O lançamento do Livro «Ai, Alentejo –  Memórias Rurais»,  de Abílio Amiguinho, aconteceu nesta terça-feira, no Auditório da Escola Superior de Ciências Sociais do Instituto Politécnico de Portalegre, que se encontrou completamente cheio

Lançamento do Livro «Ai, Alentejo», de Abílio Amiguinho
DR

 

Abílio Amiguinho, Professor Coordenador aposentado do Departamento de Ciências Sociais, Território e Desenvolvimento, da Escola Superior de Educação e Ciências Sociais do Politécnico de Portalegre.

Esta obra, das Edições Colibri, tem o prefácio de Rui Canário – Professor Catedrático Aposentado da Universidade de Lisboa.

«Boa tarde a todos

Quero, naturalmente, começar por agradecer ao editor da Colibri, Fernando Mão de Ferro, e ao autor, Prof. Amiguinho, o honroso e desafiante convite para a apresentação do seu novo livro, desta vez essencialmente autobiográfico.

Como escreveu Pessoa:

«Quem quer dizer o que sente , não sabe o que há-de dizer

Se fala, parece que mente, se cala, parece esquecer».

Este não é o único dilema que se coloca a quem como eu é conferida a missão de apresentar um livro.

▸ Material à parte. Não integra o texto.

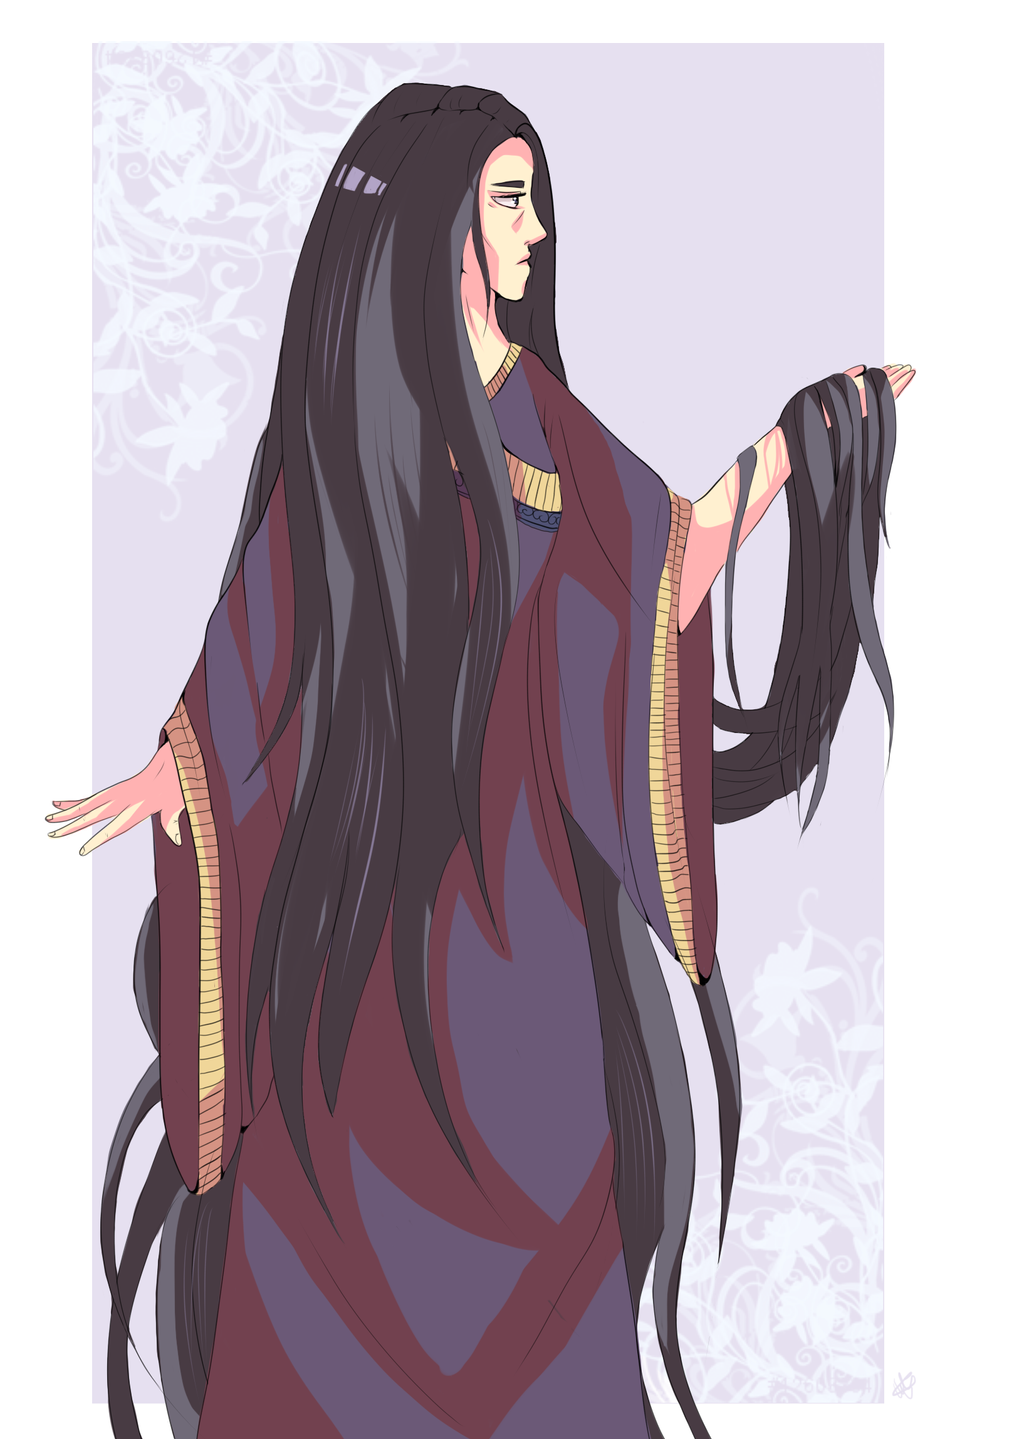 goichiru's oc: The Lady by WyllowDow

Outro é o de saber até onde poderá ir na apreciação crítica que terá necessariamente de fazer, se for o caso, para não se trair a si próprio e ao mesmo tempo não dececionar nem o autor nem o público que o ouve.

A mesma questão se coloca quanto aos elogios – até onde ir sem ser exagerado, correndo o risco de matar pelo excesso.

Trata-se, no fundo, como em muitas outras situações da vida, de procurar o equilíbrio, o justo meio – nem tanto ao mar, nem tanto á terra.

No caso do Professor Abílio Amiguinho, estou à vontade, quer no que respeita aos elogios quer no que se refere às críticas:  não nos conhecendo antes, não estamos vinculados pelos deveres da amizade que poderiam inibir-nos a crítica ou impor-nos o encómio.

Mas há um porém para o qual vos tenho de advertir em abono da objetividade – embora nos separem 7 anos em termos de idade, somos ambos do mesmo Alentejo – o alto e mais concretamente, ambos com infância e juventude vivenciadas na planície, mais do que na serra.

Não espanta por isso que haja da minha parte um inteiro e confesso partidarismo na apreciação da obra:  ela trouxe-me de volta e de chofre todo o Alentejo da minha infância; as imagens, os sons, os cheiros, as paisagens, os rostos, as vozes, a culinária, as feiras, a fartura da Páscoa – as cadências do cultivo do solo marcadas pelas festas religiosas – tudo vivências que marcam uma vida e moldam o caráter.

Trouxe-me de volta também um mar de expressões, ditados, nomes, mesmo de coisas ou situações comuns na infância que entretanto desapareceram dos nossos radares – de galos na cabeça a sabão macaco, passando por rebenta bois, entre muitos outros.

Isto, a par de designações de plantas, instrumentos de produção e de uso diário que o autor vai citando, que tornam necessário, para quem não é daqui e até para muitos que daqui são, como eu, o recurso frequente, a todo um Glossário no final do volume, que aliás se pode, com utilidade e prazer, ler por si mesmo.

Foi, portanto, para mim, um grande prazer poder reviver essas memórias, inclusive reavivando ou até recuperando inteiramente algumas que já tendiam a esvair-se e perder-se.

Nessa medida, não sou, obviamente, imparcial – está aqui, neste livro, o inteiro fado alentejano que é o nosso e ambos partilhamos na mesma época das nossas vidas.

Para todos os que tiveram essas experiências ou queiram conhecê-la, este é um livro indispensável – um testemunho etnográfico de época.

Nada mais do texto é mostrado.